Tan Xiang-Yu, Li Yu-Ting, Li Hua-Hui, Ma Li-Xiang, Zeng Chui-Mian, Zhang Tian-Tian, Huang Tu-Xiong, Zhao Xiao-Di, Fu Li
Guangdong Province Key Laboratory of Regional Immunity and Diseases, Department of Pharmacology and International Cancer Center, Shenzhen University Medical School, Shenzhen University, Shenzhen, 518055, Guangdong, China.
Shenzhen University-Friedrich Schiller Universität Jena Joint PhD Program in Biomedical Sciences, Shenzhen University Medical School, Shenzhen University, Shenzhen, 518055, Guangdong, China.
Oncogene. 2023 Oct;42(41):3062-3074. doi: 10.1038/s41388-023-02816-1. Epub 2023 Aug 26.

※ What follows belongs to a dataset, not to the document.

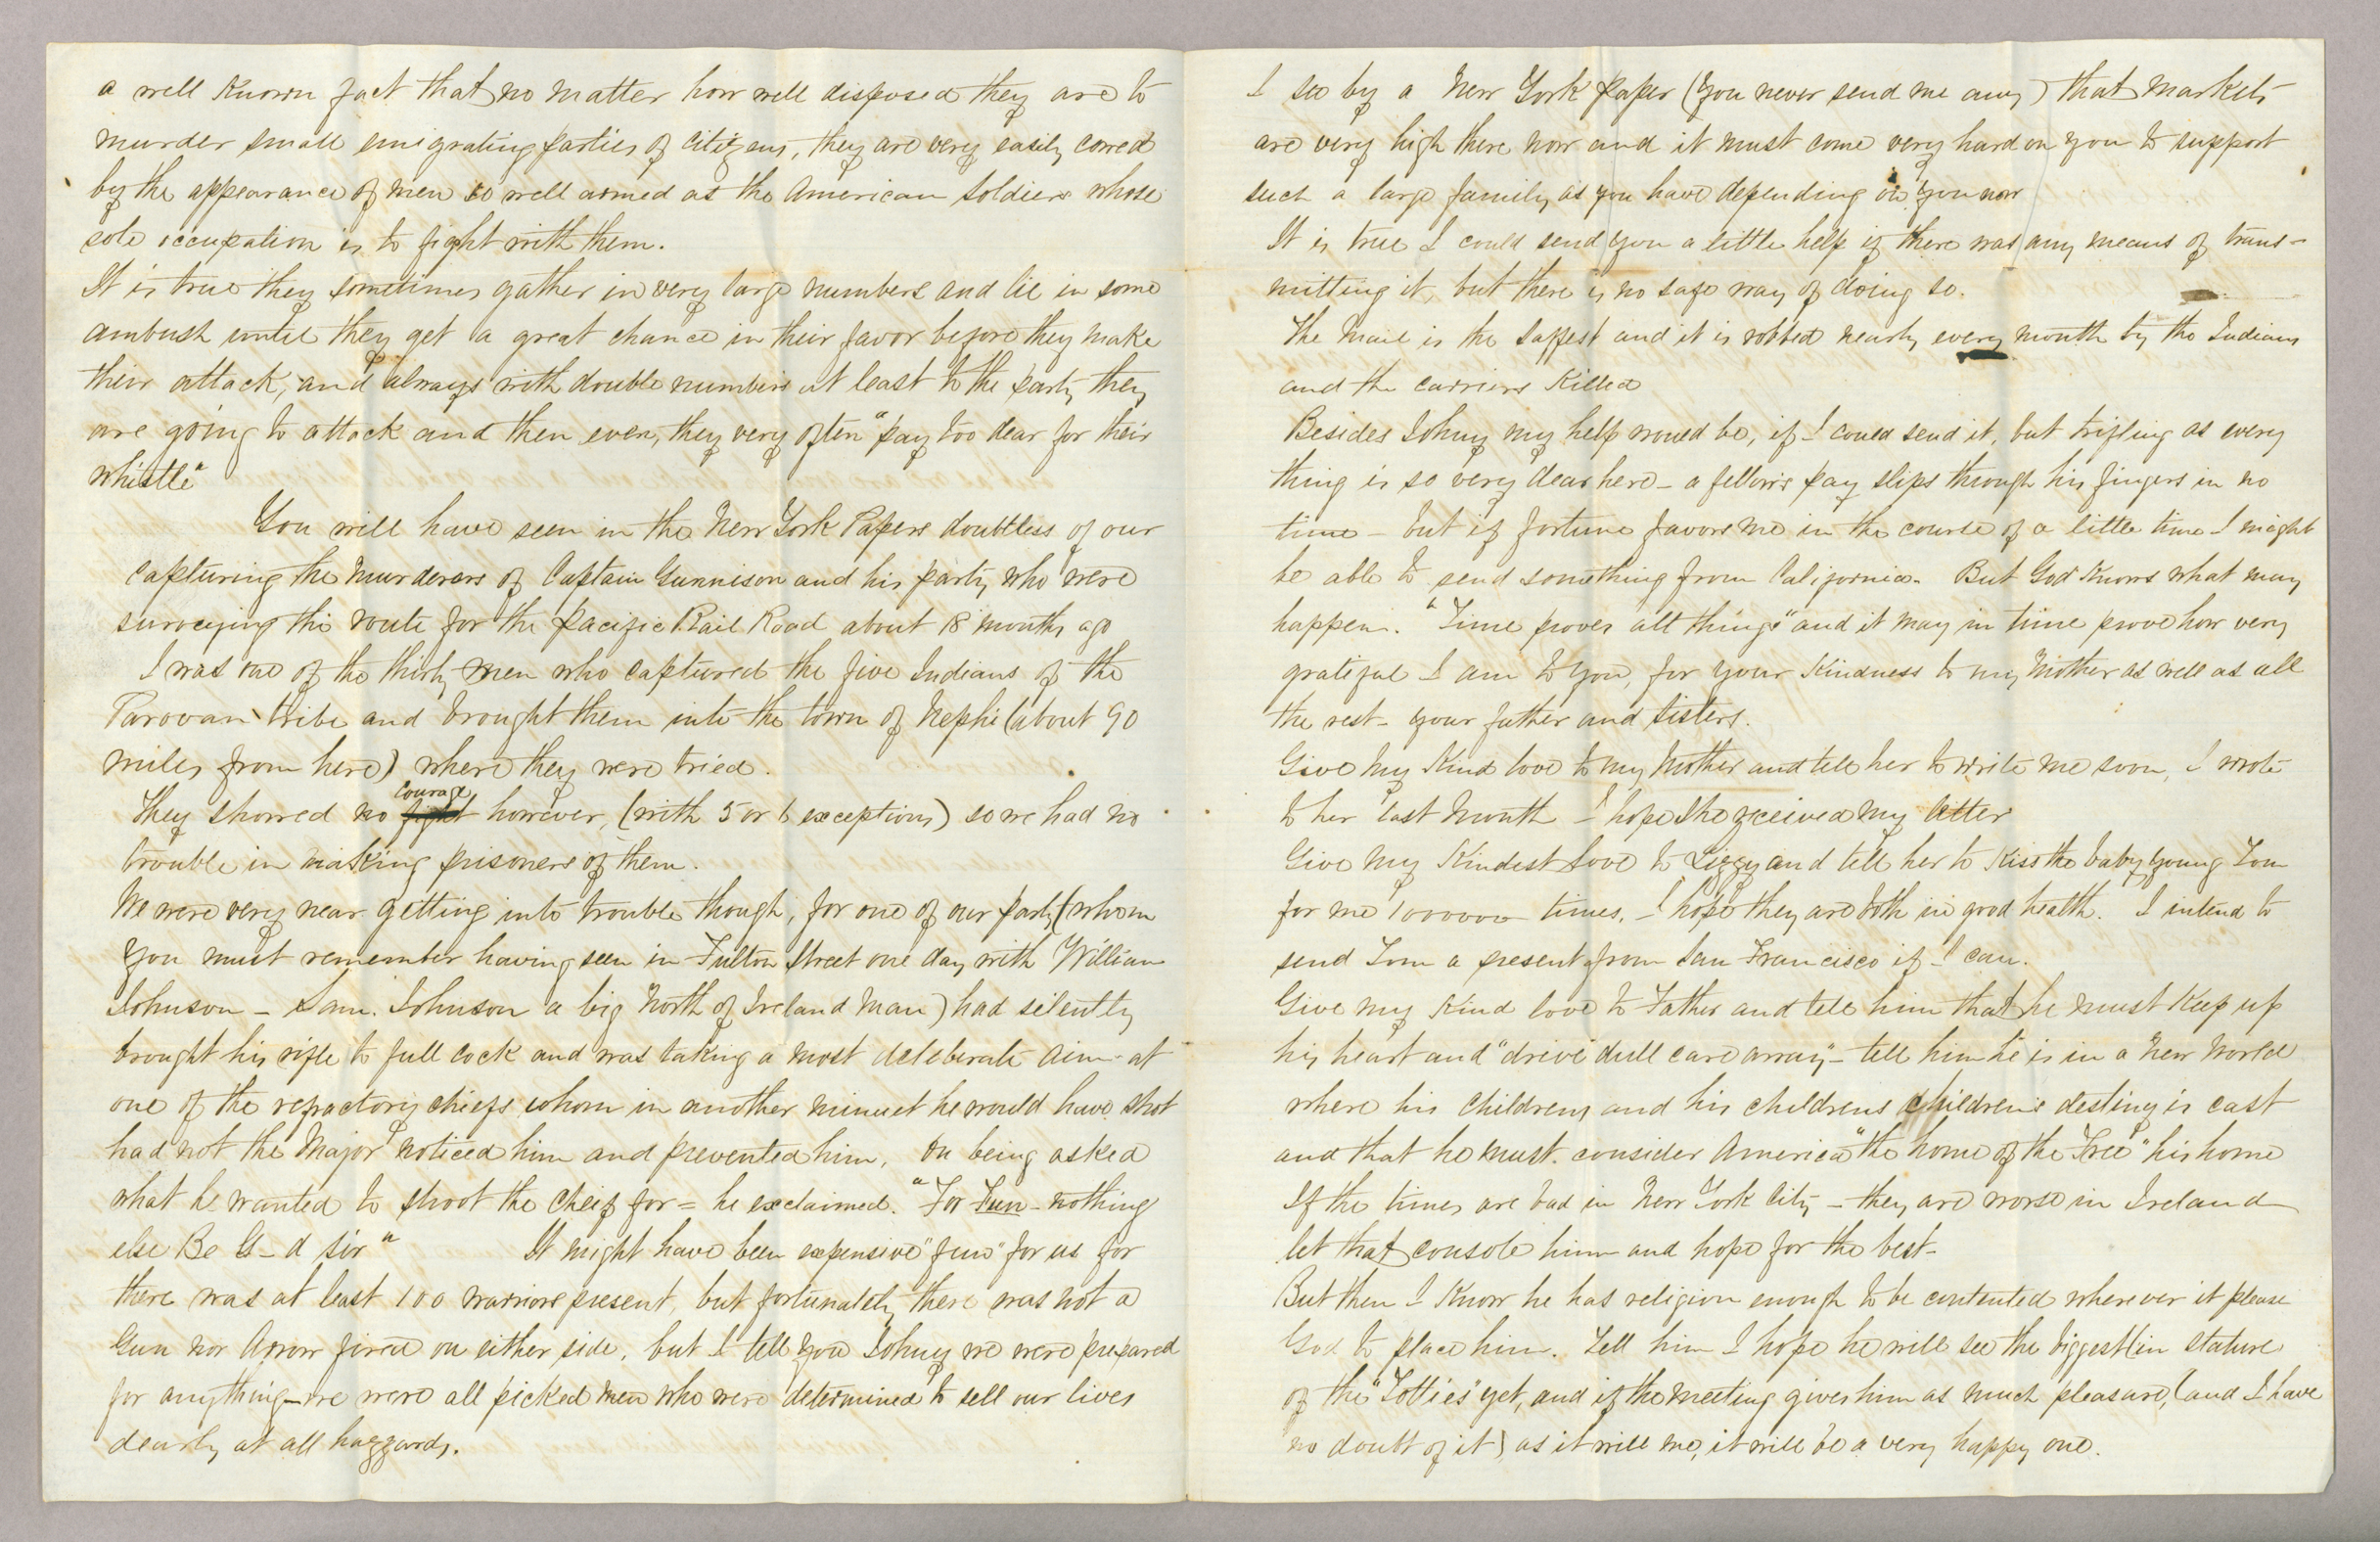 Letter. Tho[ma]s L[owry] Young, Great Salt Lake City, Utah Territory, to "Dear John" [John E. Brownlee], n. p., Pages 2-3

Gastric cancer (GC) is characterized by its vigorous chemoresistance to current therapies, which is attributed to the highly heterogeneous and immature phenotype of cancer stem cells (CSCs) during tumor initiation and progression. The secretory WNT2 ligand regulates multiple cancer pathways and has been demonstrated to be a potential therapeutic target for gastrointestinal tumors; however, its role involved in gastric CSCs (GCSCs) remains unclear. Here, we found that overexpression of WNT2 enhanced stemness properties to promote chemoresistance and tumorigenicity in GCSCs. Mechanistically, WNT2 was positively regulated by its transcription factor SOX4, and in turn, SOX4 was upregulated by the canonical WNT2/FZD8/β-catenin signaling pathway to form an auto-regulatory positive feedback loop, resulting in the maintenance of GCSCs self-renewal and tumorigenicity. Furthermore, simultaneous overexpression of both WNT2 and SOX4 was correlated with poor survival and reduced responsiveness to chemotherapy in clinical GC specimens. Blocking WNT2 using a specific monoclonal antibody significantly disrupted the WNT2-SOX4 positive feedback loop in GCSCs and enhanced the chemotherapeutic efficacy when synergized with the chemo-drugs 5-fluorouracil and oxaliplatin in a GCSC-derived mouse xenograft model. Overall, this study identified a novel WNT2-SOX4 positive feedback loop as a mechanism for GCSCs-induced chemo-drugs resistance and suggested that the WNT2-SOX4 axis may be a potential therapeutic target for gastric cancer treatment.
胃癌(GC)的特点是对当前治疗具有强烈的化学抗性,这归因于肿瘤起始和进展过程中癌症干细胞(CSCs)高度异质性和不成熟的表型。分泌型WNT2配体调节多种癌症通路,并且已被证明是胃肠道肿瘤的潜在治疗靶点;然而,其在胃CSCs(GCSCs)中的作用仍不清楚。在此,我们发现WNT2的过表达增强了干性特性,从而促进GCSCs中的化学抗性和致瘤性。机制上,WNT2受其转录因子SOX4的正向调控,反过来,SOX4被经典的WNT2/FZD8/β-连环蛋白信号通路上调,形成一个自动调节的正反馈环,导致GCSCs自我更新和致瘤性的维持。此外,在临床GC标本中,WNT2和SOX4的同时过表达与较差的生存率和化疗反应性降低相关。在GCSC衍生的小鼠异种移植模型中,使用特异性单克隆抗体阻断WNT2可显著破坏GCSCs中的WNT2-SOX4正反馈环,并在与化疗药物5-氟尿嘧啶和奥沙利铂协同作用时增强化疗疗效。总体而言,本研究确定了一种新的WNT2-SOX4正反馈环作为GCSCs诱导化疗药物抗性的机制,并表明WNT2-SOX4轴可能是胃癌治疗的潜在治疗靶点。